Brett McKay: This is sort of a tangent, but one of the things I enjoyed, talking about the school, the college stuff. I think oftentimes people are like, “Oh, colleges are terrible.” You highlight some of the riots that happened at Harvard, pitchforks and torches, and it was terrible.

Craig Bruce Smith: Oh, the thing is, there were all these rules of behavior, sure, but there was all sorts of … You think today of pranks. They had nothing. My favorite is at the college of William and Mary in Williamsburg, there was actually a pitched battle with pistols between the students and the townies. It was led by the professor of Moral Philosophy, who ultimately got fired over this, but what’s also interesting is, I can’t pinpoint it, but this may have actually been Thomas Jefferson’s first week at school. I don’t know if he sees it or just misses it, but he arrives right around the time of this pitched battle, where pistols get drawn on the future governor. It’s not an uncommon occurrence.

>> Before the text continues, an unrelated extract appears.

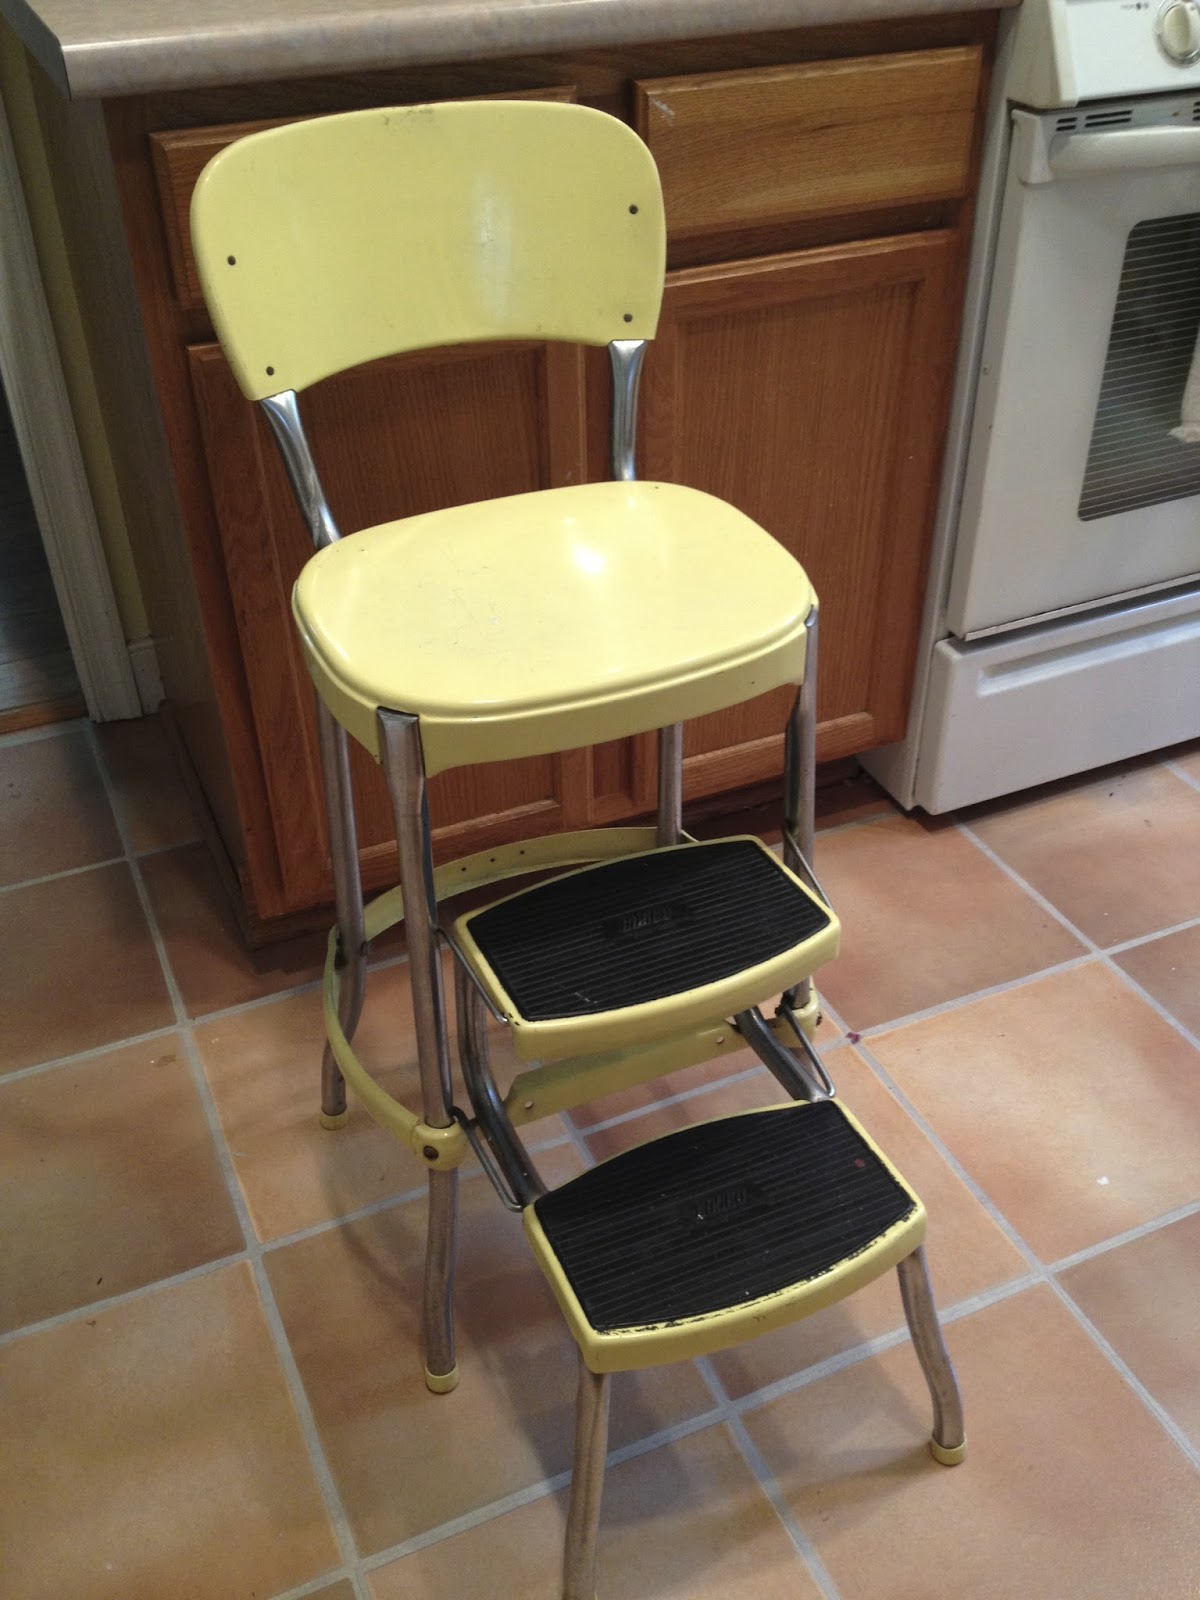 The Awesome Vintage Step Stool I Found On Ebay My Grandmother Had One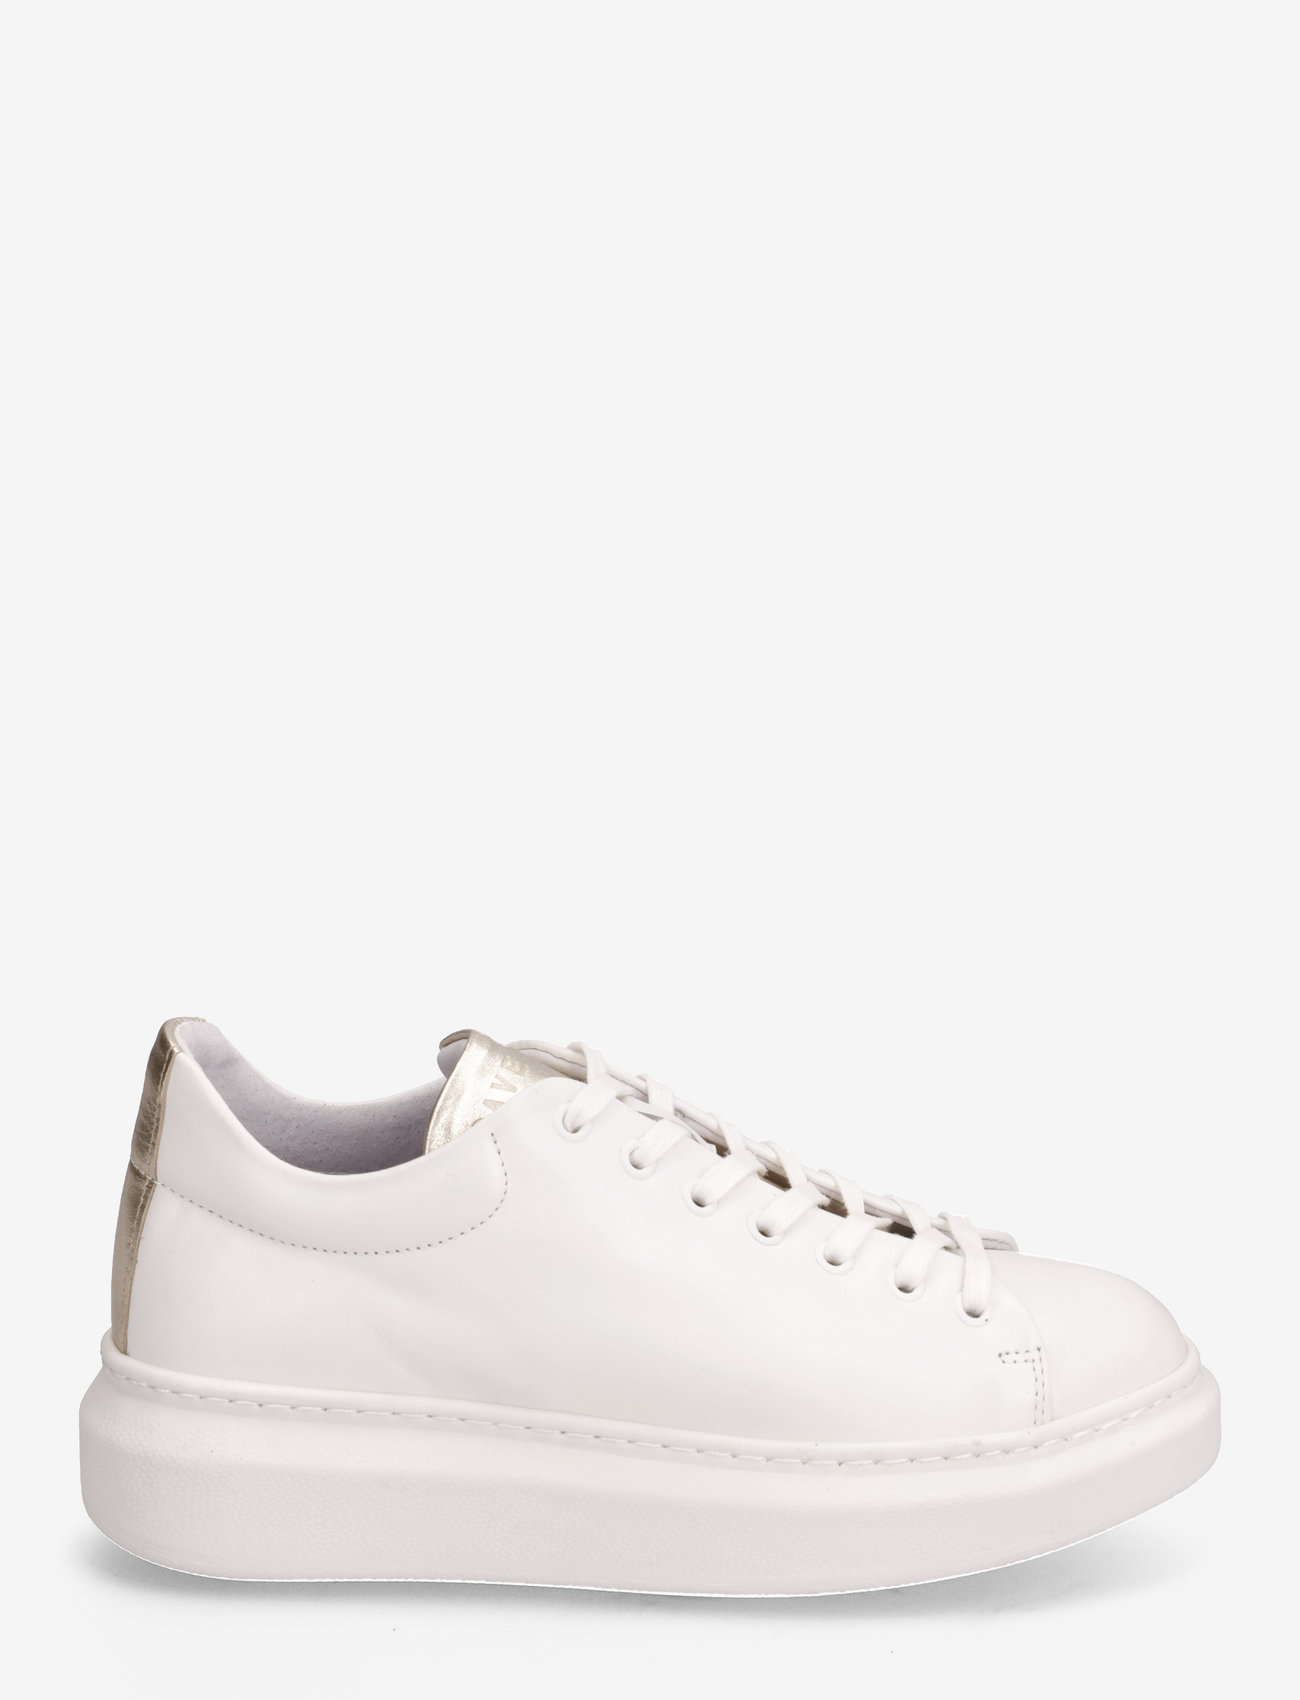 Pavement - Dee Metal - low top sneakers - white/gold - 1

Brett McKay: Yeah, I think it’s part of American history that sometimes we nostalgize, like, “Oh, they were just prim and proper.” It’s like no, they were pulling pistols on each other.

Craig Bruce Smith: Right, you had to have rules, and you should not break your teachers windows, things like that.

Brett McKay: Well, okay, so the founders were developing this collective sense of honor in different ways, but they were speaking the same language. Let’s get into specifics about where we start seeing affront to personal honor leading to different founders saying, “We got to separate from Britain.” You mentioned Washington.

Craig Bruce Smith: Yes.

Brett McKay: He was a part of the British military. He was a leader there. Then you say during the French and Indian War, that’s when he starts sensing like, “These guys don’t really think I’m one of them, and they’re slighting me.”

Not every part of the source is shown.